What is needed >>
Don't include any picture when you restate the data word for word.

Given data >>
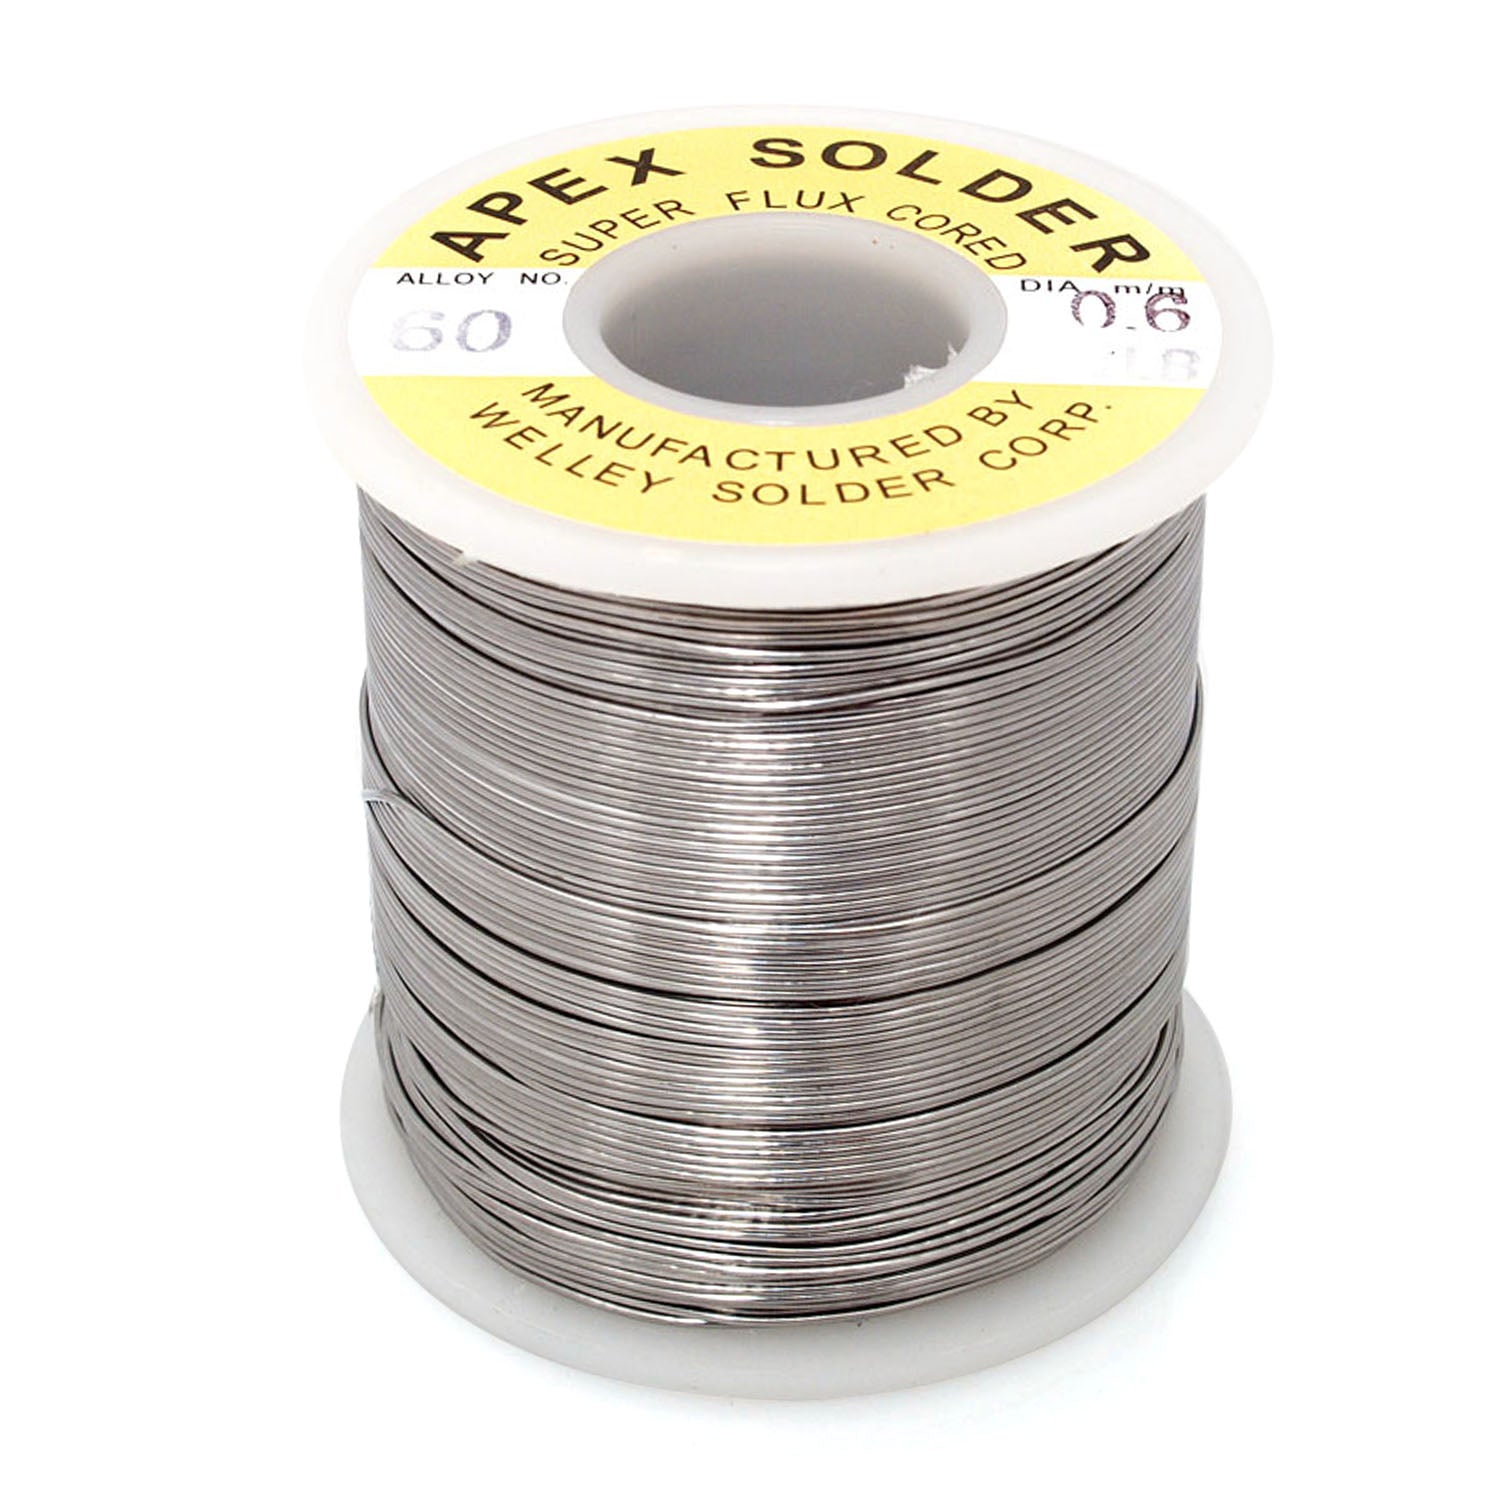 125-640610A 0.6m 1.0lb 60/40 APEX Solder wire
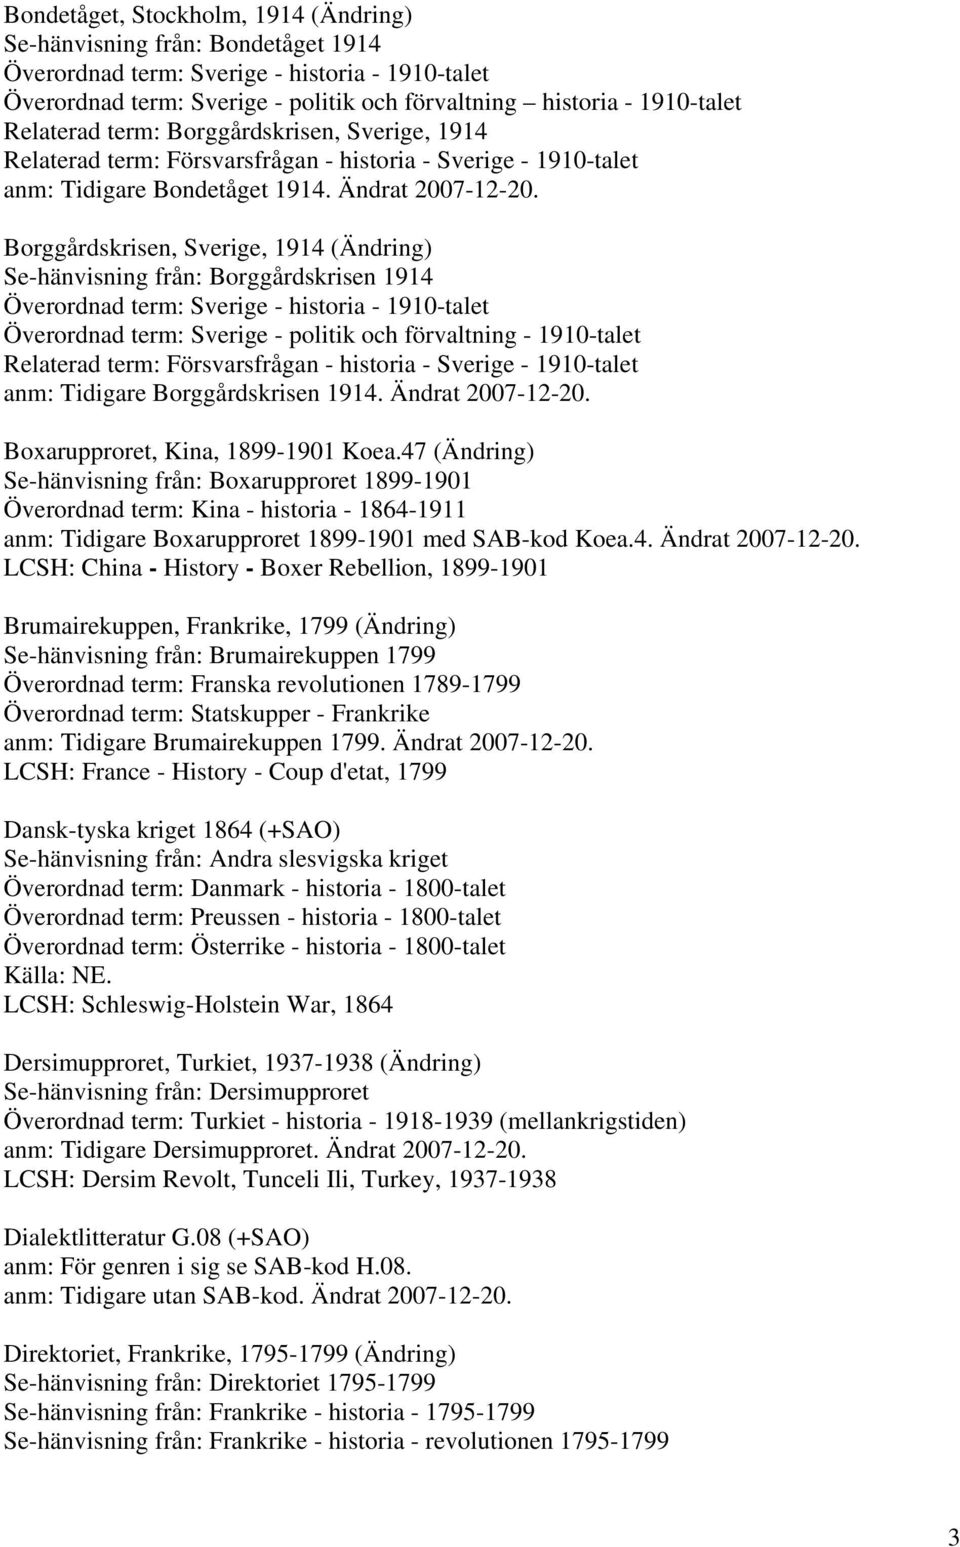 Borggårdskrisen, Sverige, 1914 (Ändring) Se-hänvisning från: Borggårdskrisen 1914 Överordnad term: Sverige - historia - 1910-talet Överordnad term: Sverige - politik och förvaltning - 1910-talet
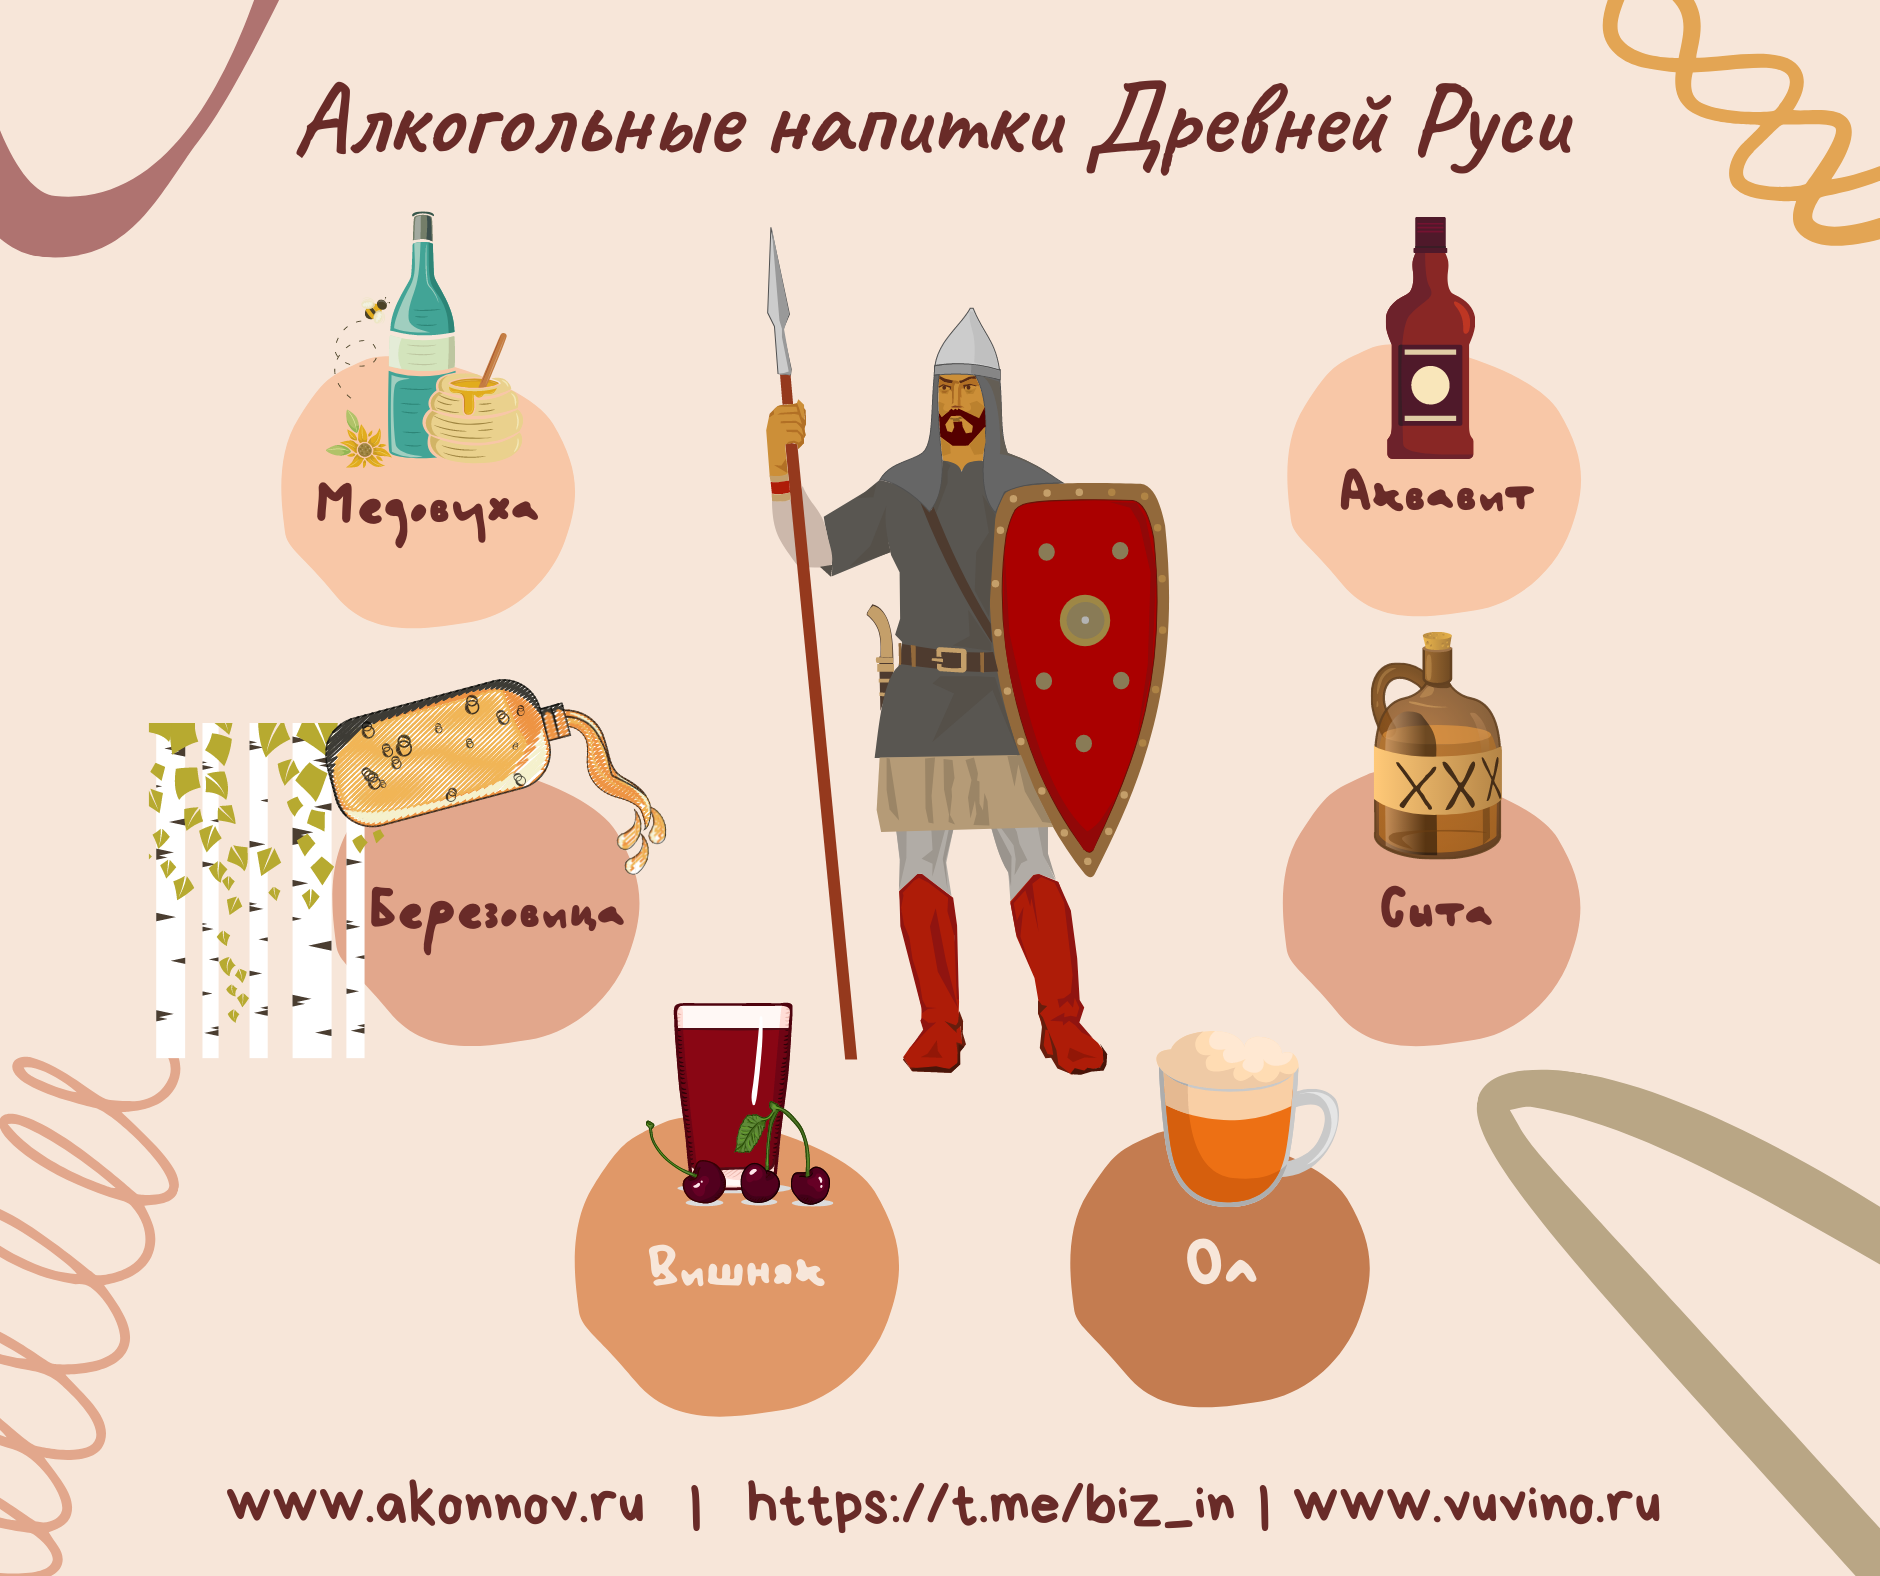 Алкогольные напитки Древней Руси

Reply >>
 125-640610A 0.6m 1.0lb 60/40 APEX Solder wire
 Borggårdskrisen, Sverige, 1914 (Ändring) Se-hänvisning från: Borggårdskrisen 1914 Överordnad term: Sverige - historia - 1910-talet Överordnad term: Sverige - politik och förvaltning - 1910-talet
 Алкогольные напитки Древней Руси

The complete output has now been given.